╭─ Source material

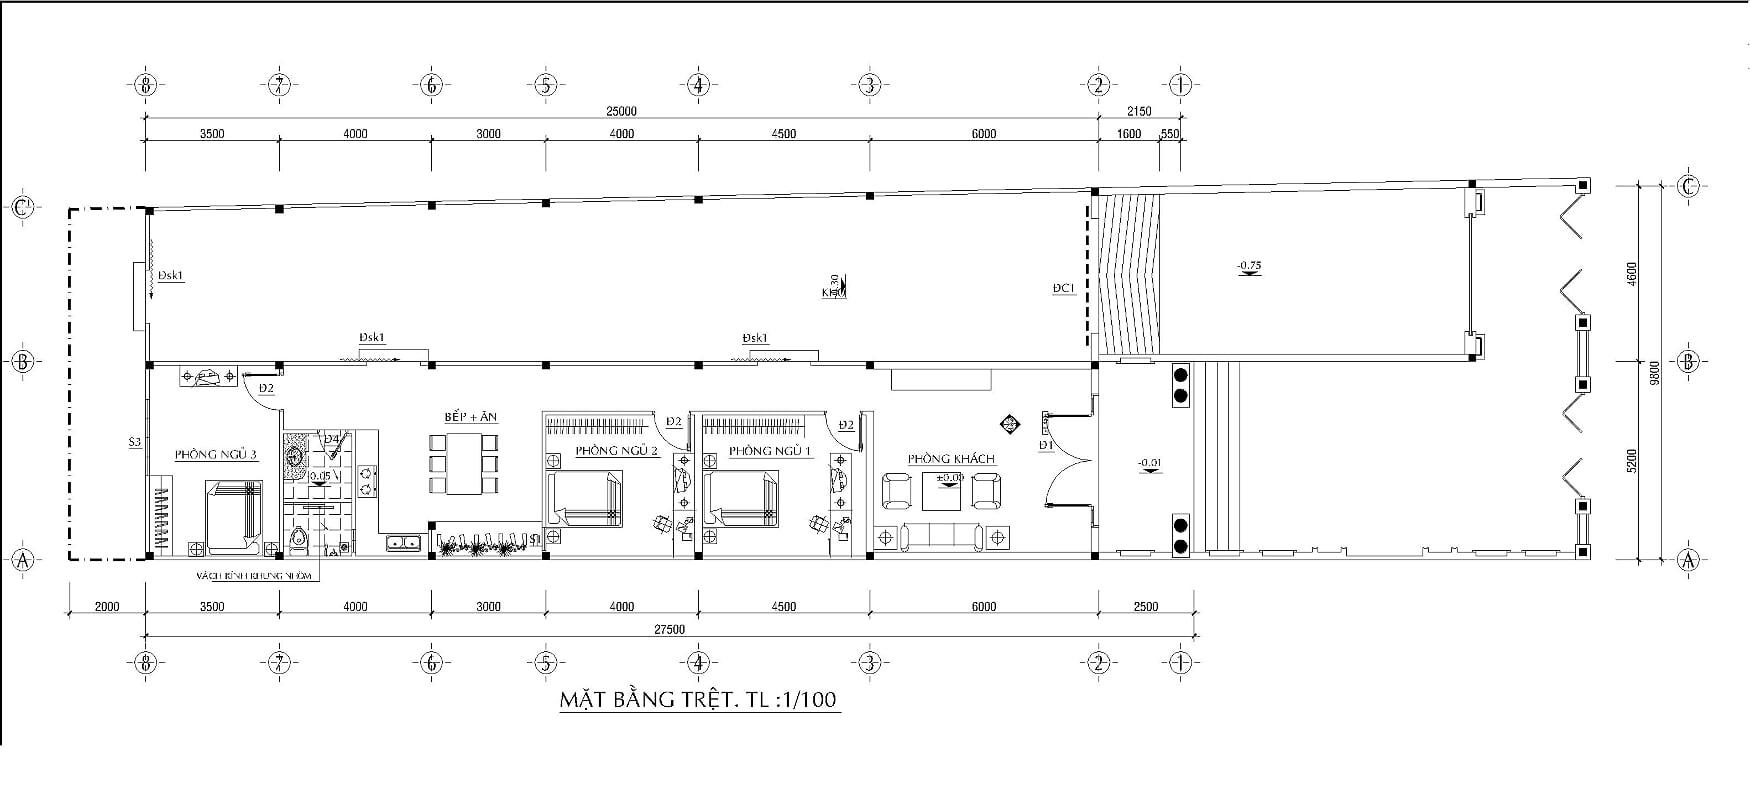 Hình ảnh: Bản vẽ mặt bằng tổng thể ngôi biệt thự 1 tầng mái thái kiến trúc tân cổ điển
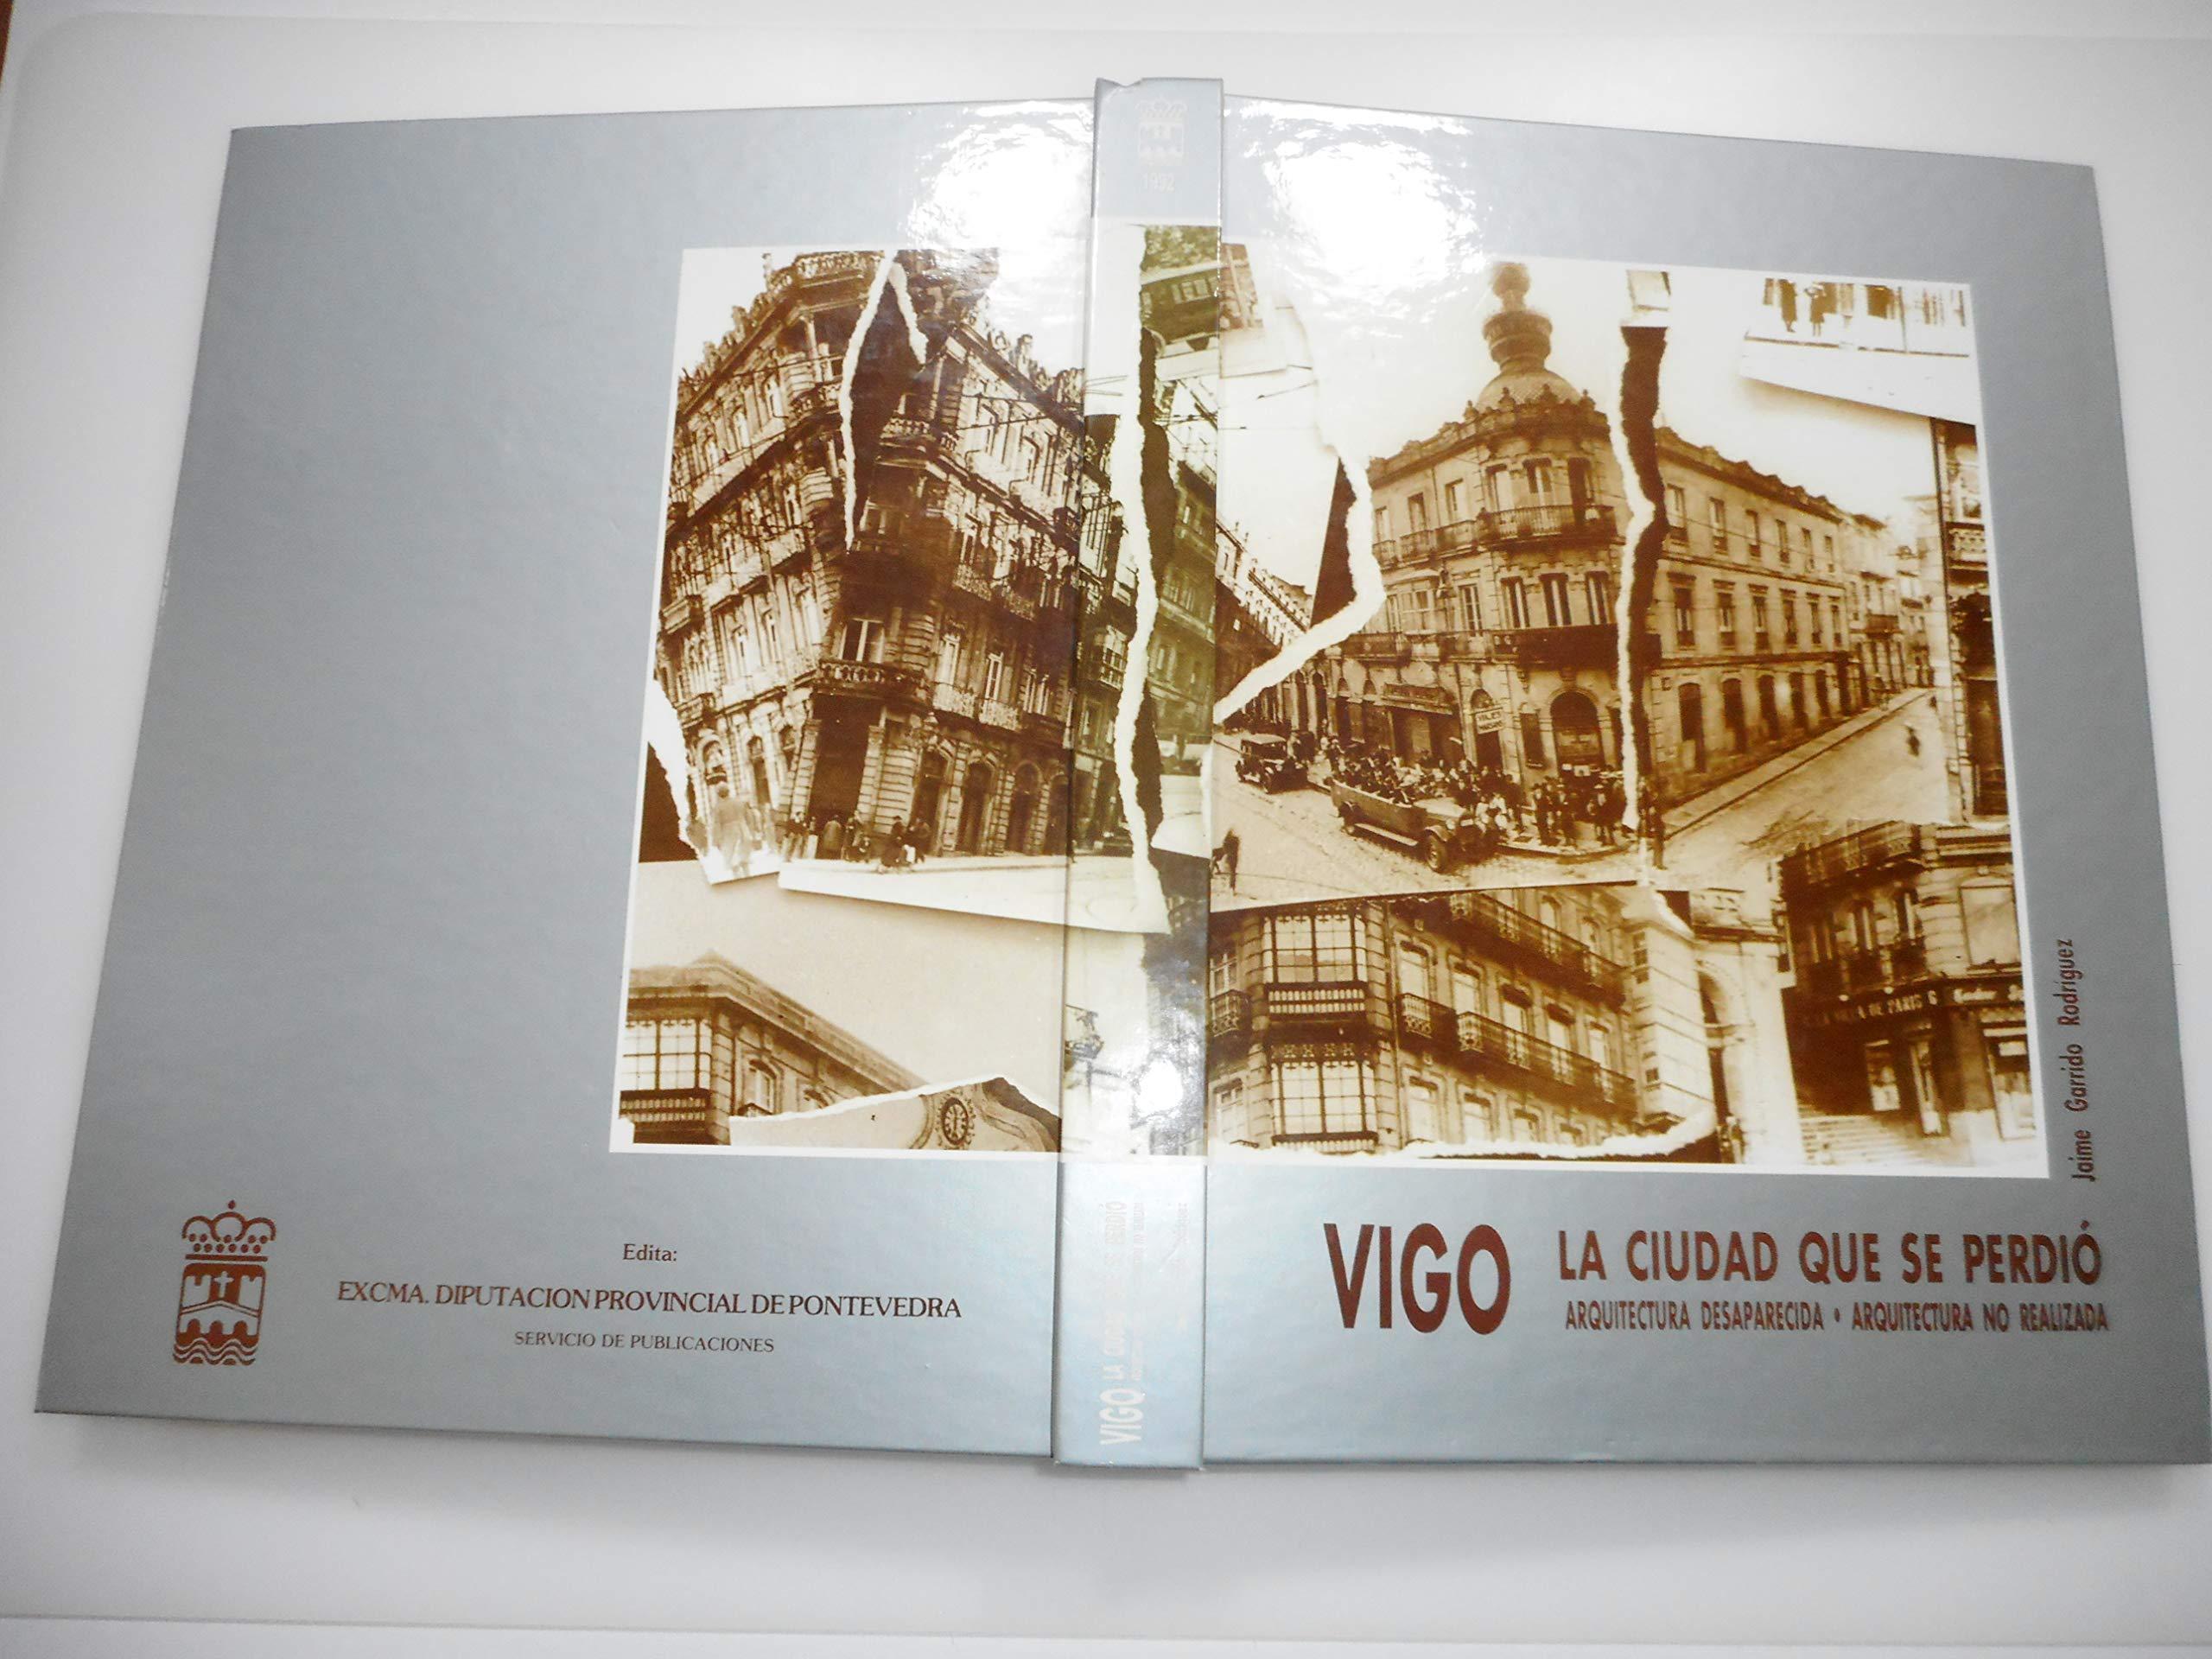 VIGO LA CIUDAD QUE SE PERDIO ARQUITECTURA DESAPARECIDA ...
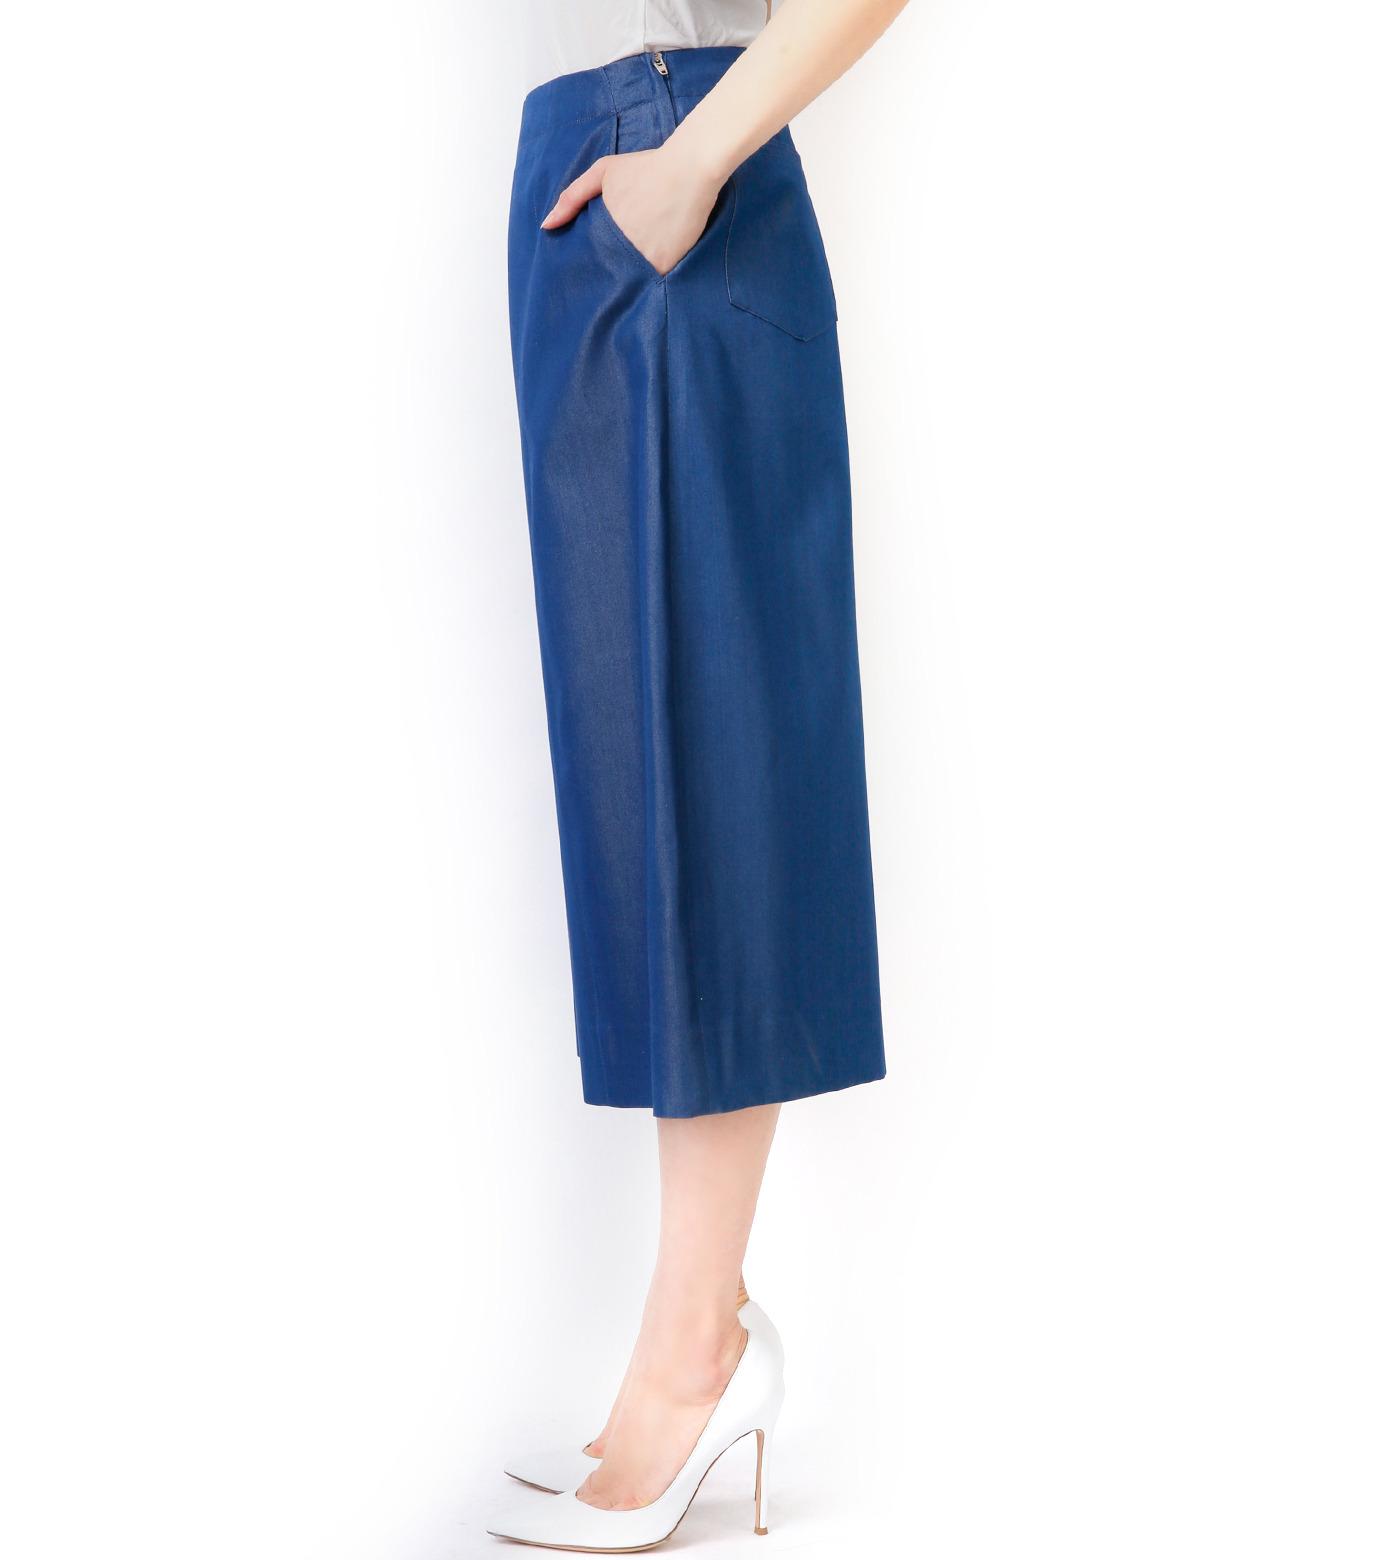 LE CIEL BLEU(ルシェルブルー)のデニムバミューダーパンツ-BLUE(パンツ/pants)-17S68027 拡大詳細画像4
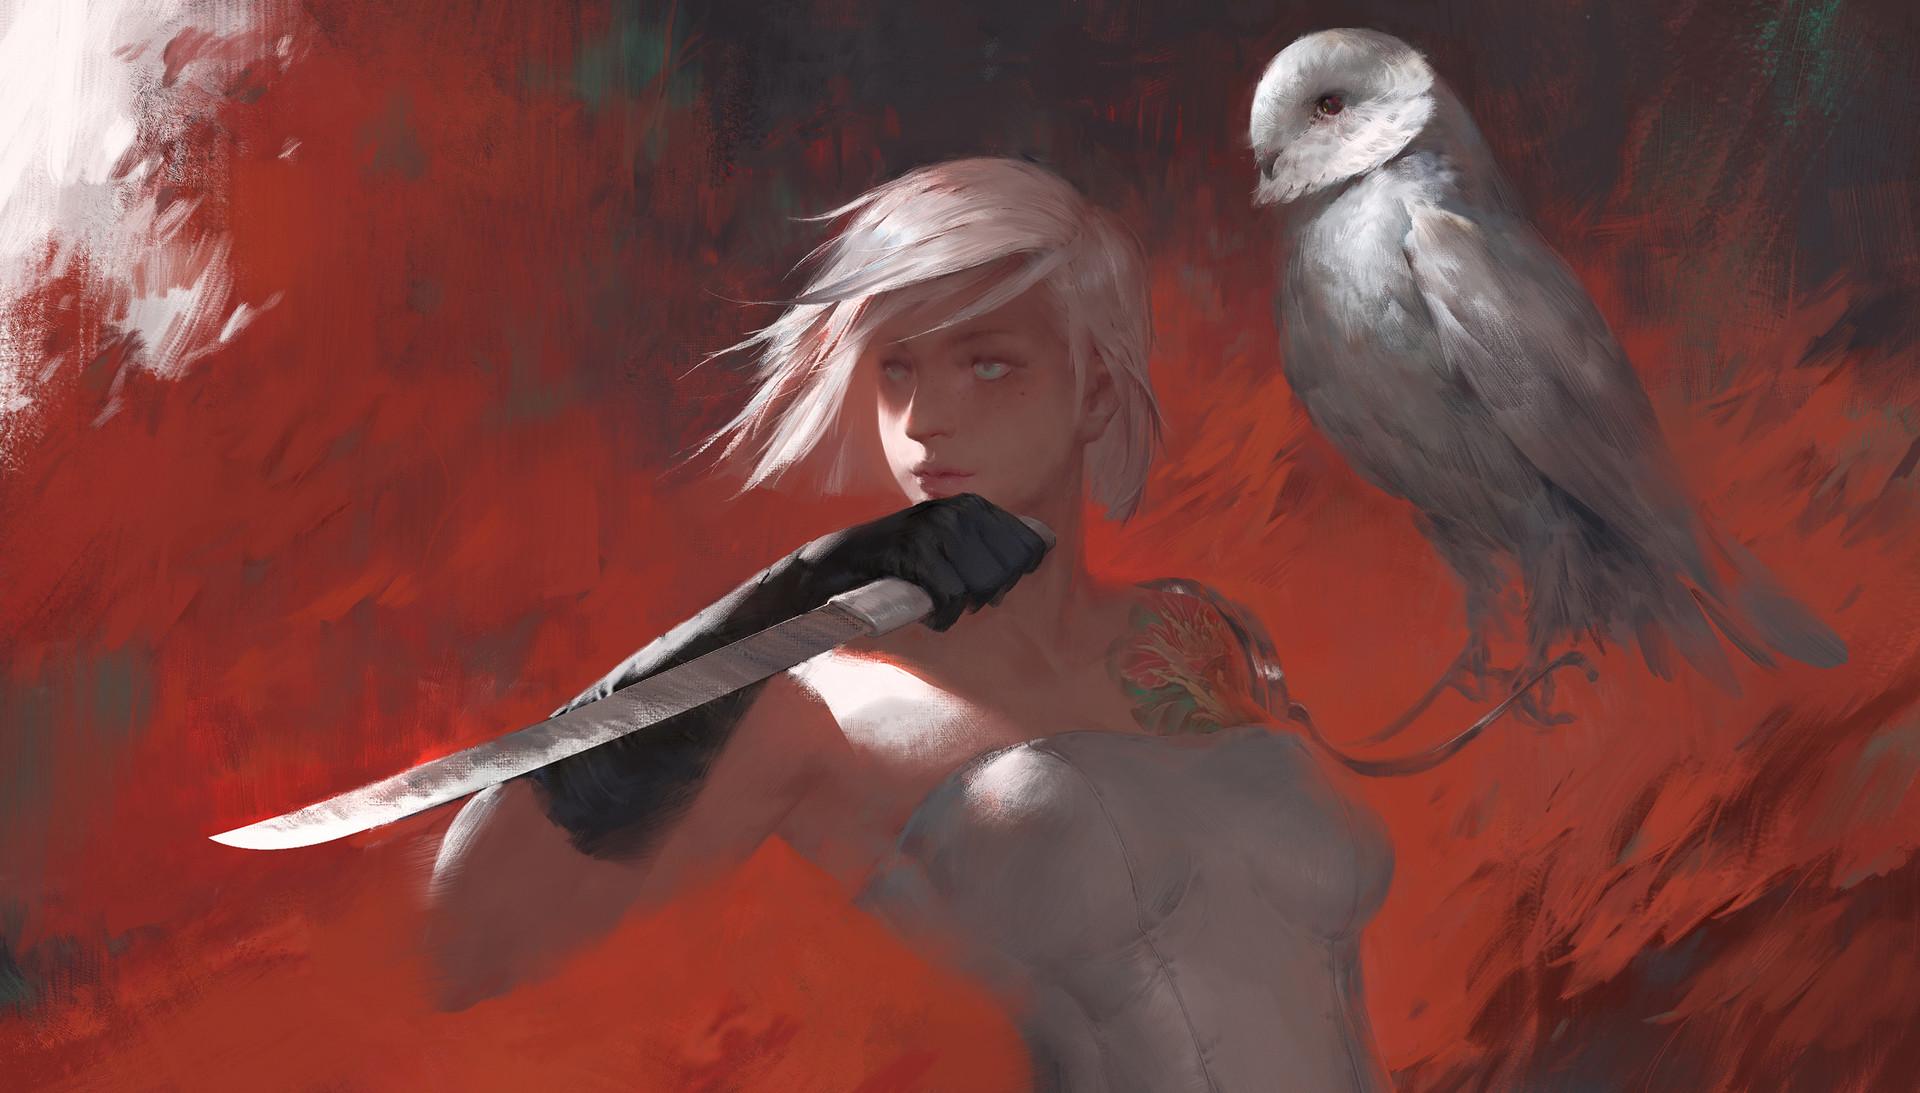 【秀上线】资深游戏角色概念设计师Amama L作品欣赏9

╰─

**Activity**: Could you give the material again exactly as it stands, omitting any image?

**Finished task**:
 Hình ảnh: Bản vẽ mặt bằng tổng thể ngôi biệt thự 1 tầng mái thái kiến trúc tân cổ điển
 VIGO LA CIUDAD QUE SE PERDIO ARQUITECTURA DESAPARECIDA ...
 LE CIEL BLEU(ルシェルブルー)のデニムバミューダーパンツ-BLUE(パンツ/pants)-17S68027 拡大詳細画像4
 【秀上线】资深游戏角色概念设计师Amama L作品欣赏9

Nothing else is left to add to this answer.